Funny versions of The Nativity go
back in the Western tradition at least as far as The Second Shepherd’s Play
in the 1500s. I also remember a surprisingly satirical holiday TV special
called The Night the Animals Talked back in the early ‘70s that focused
on the creatures around the manger, including Mary and Joseph’s goodhearted
donkey.
Even so, you may not always believe
what you’re seeing in this Sony Animation release—the standard cute talking
animal template, complete with an underdog (underdonkey?) hero who longs to see
the wider world, played out against this sort of pious tableau. It’s easy to
imagine neither the secular nor the devout being altogether comfortable with it.

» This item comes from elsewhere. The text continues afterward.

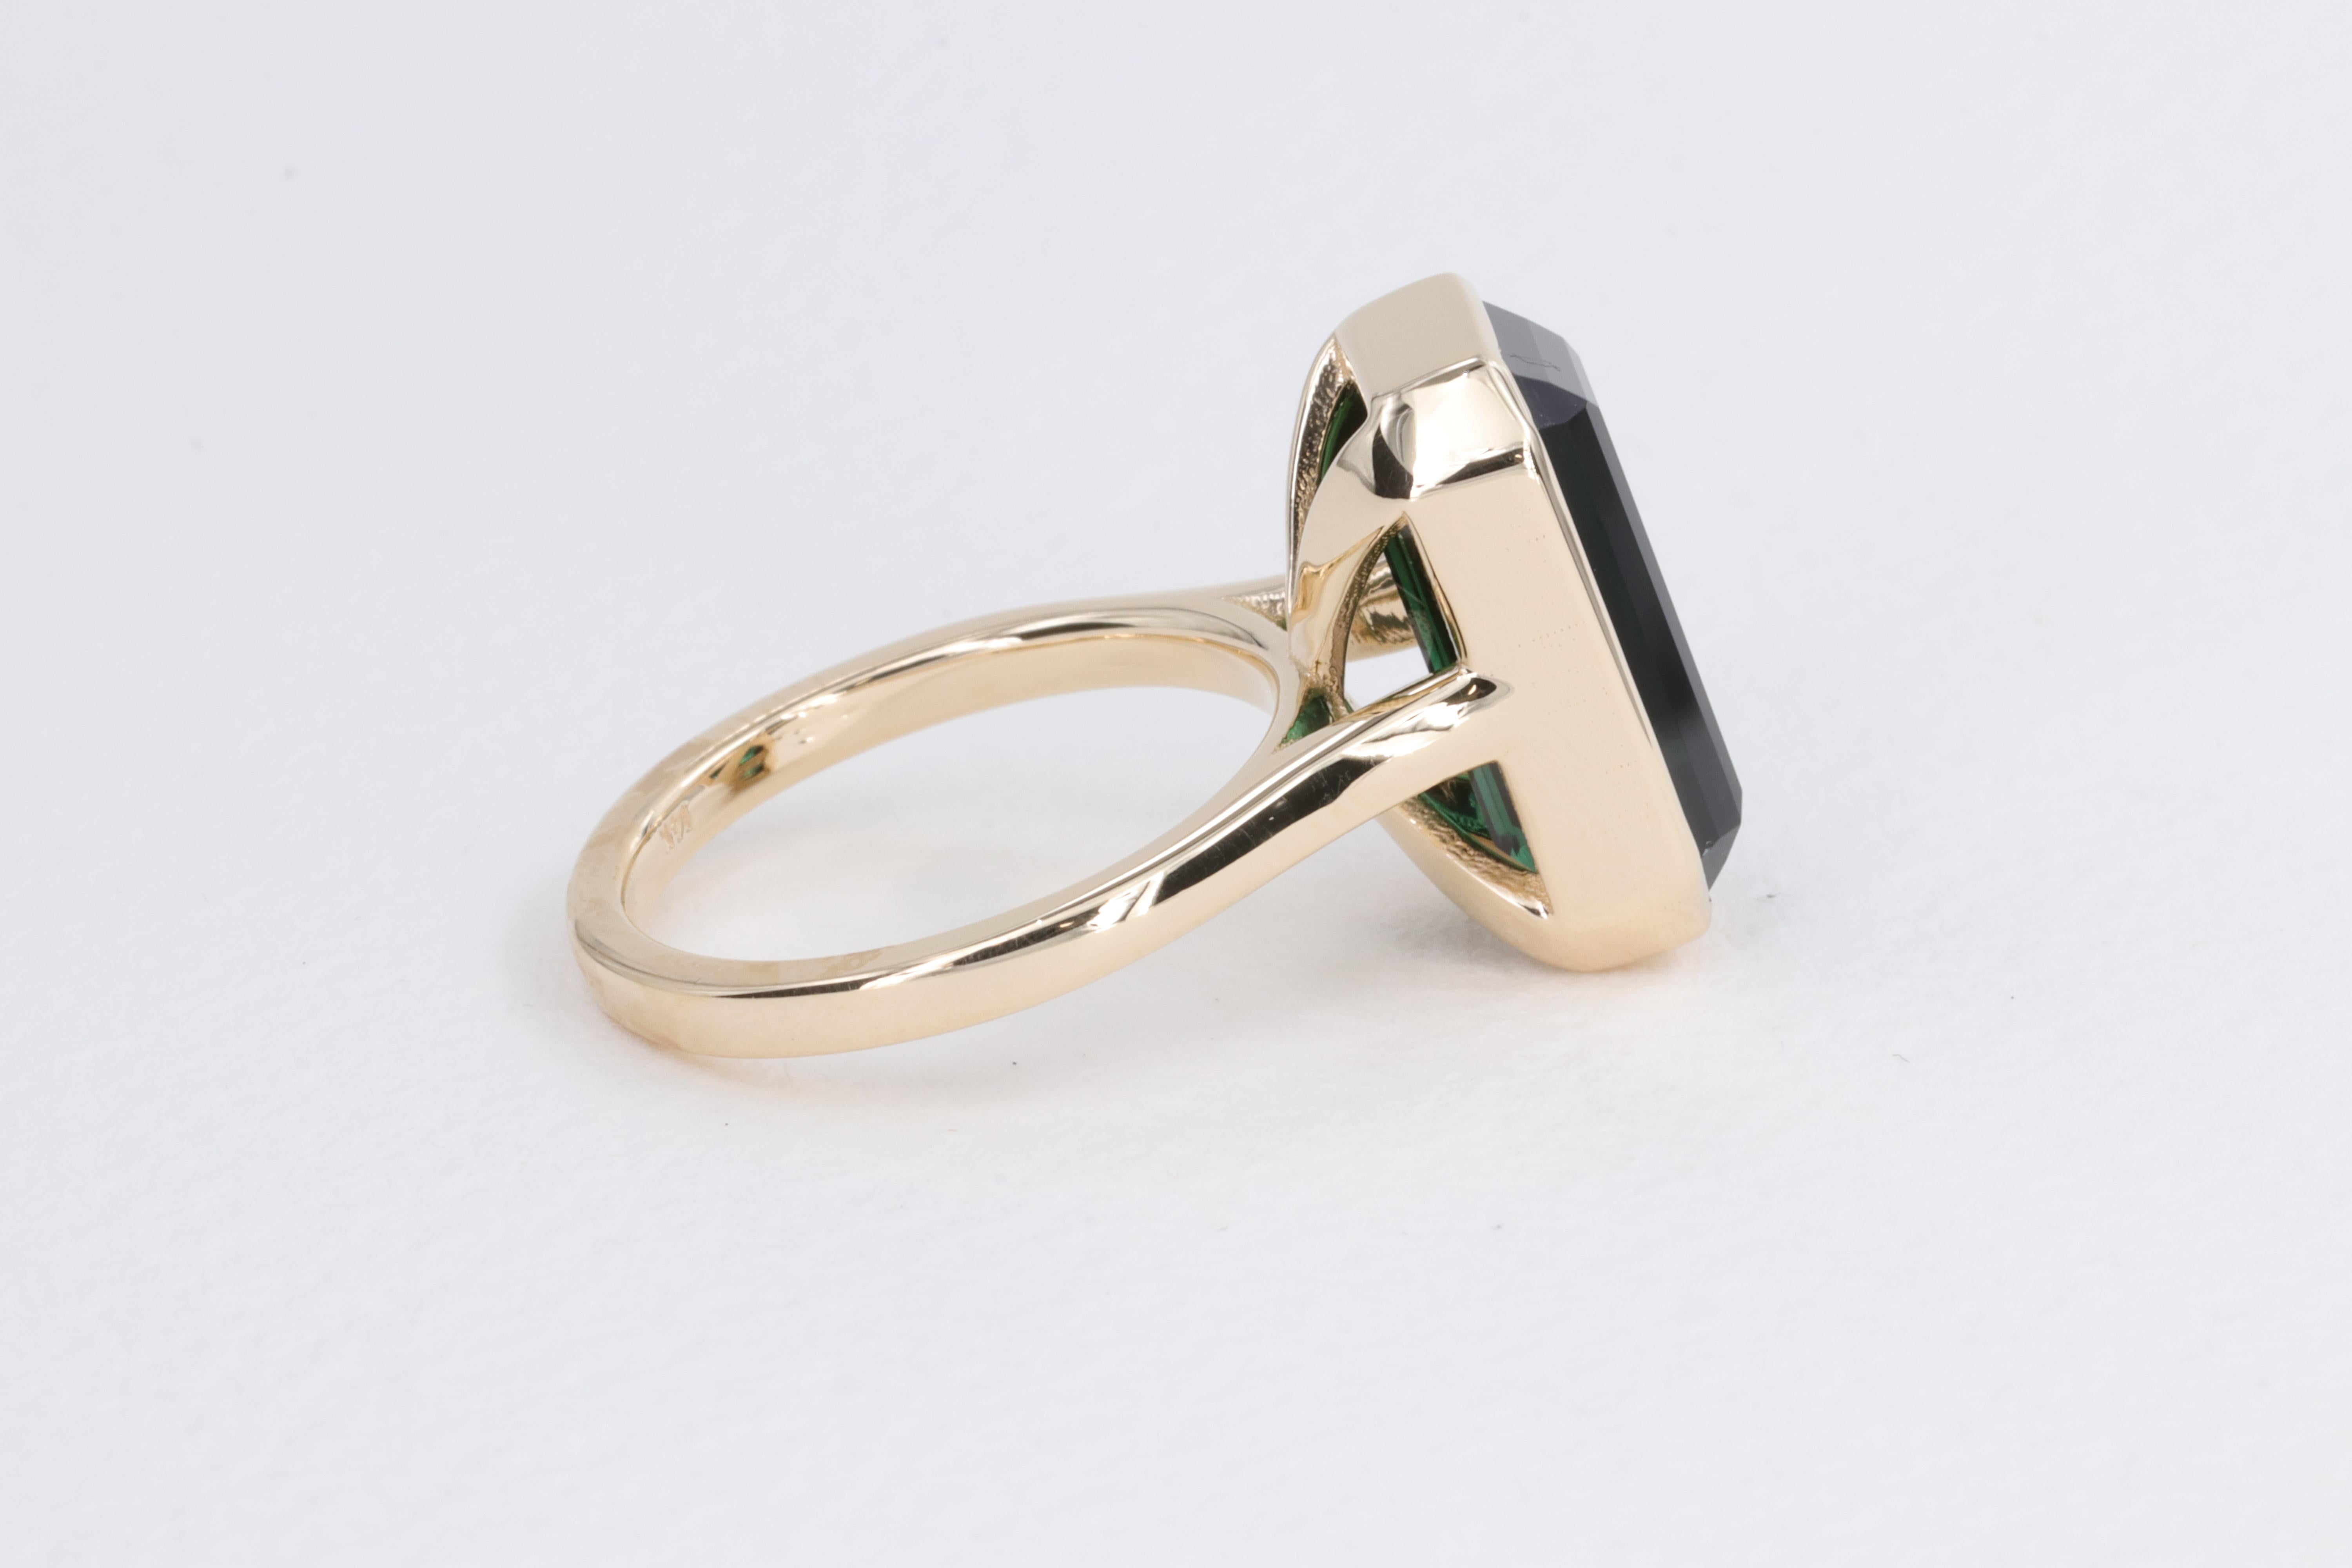 6.78 Carat Green Tourmaline Emerald Cut Bezel Set Yellow Gold Ring For Sale 2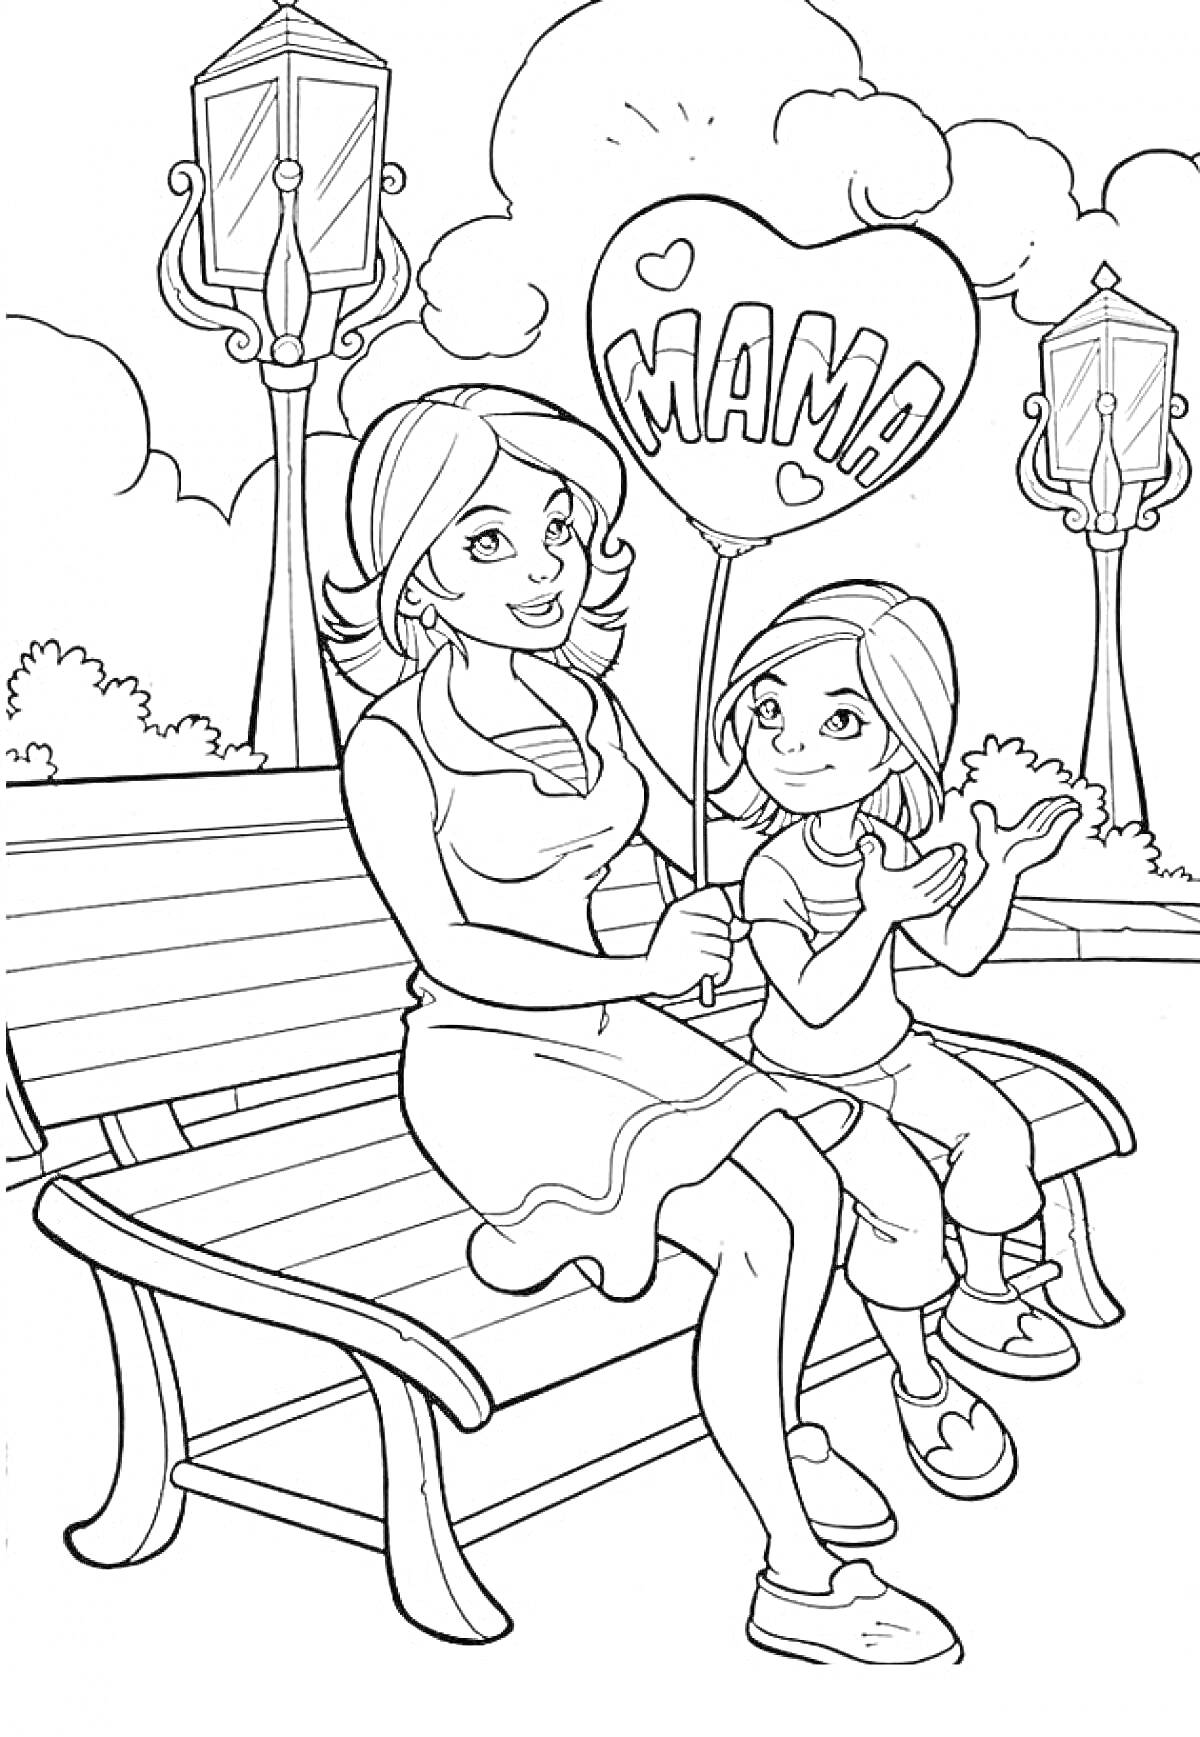 Раскраска Мама и дочка на скамейке в парке с воздушным шаром

This movie’s camp reaches its
highest level, perhaps, not with the critters but with its depiction of The
Annunciation. The green-eyed, freckled Mary (voiced by Gina Rodriguez, star of
TV’s Jane the Virgin), who talks like a Disney Channel heroine, receives
word from the Angel that she’s to be the Messiah’s mother with less emotion
than a contemporary American teenager might show at the news that she’d won
tickets to a Niall Horan concert. “Thank you,” she says mildly, and then, to
herself, “Do I say thank you?”
The most peculiar thing about this
peculiar movie is that it works, or at least it worked for me. The high-ticket
voice actors, led by Steven Yeun as Bo, Aidy Bryant as Ruth and Keegan-Michael
Key as the endearing Dave, create warm characterizations. I’m not kidding when
I say high-ticket, by the way: other beasts are voiced by Tyler Perry, Tracy
Morgan, Kelly Clarkson, Anthony Anderson, Kris Kristofferson, Ving Rhames,
Gabriel Iglesias, Patricia Heaton, Kristin Chenoweth and—gasp!—Oprah herself,
as a camel. Even Christopher Plummer lends his sinister purr to old Herod.
The Star is no classic, but this cast makes it
vibrant, and the story is about going to trouble for others, putting their
needs ahead of your own. It’s a kitschy, sometimes borderline embarrassing
movie, and a more genuinely sweet one than I’ve seen in a while.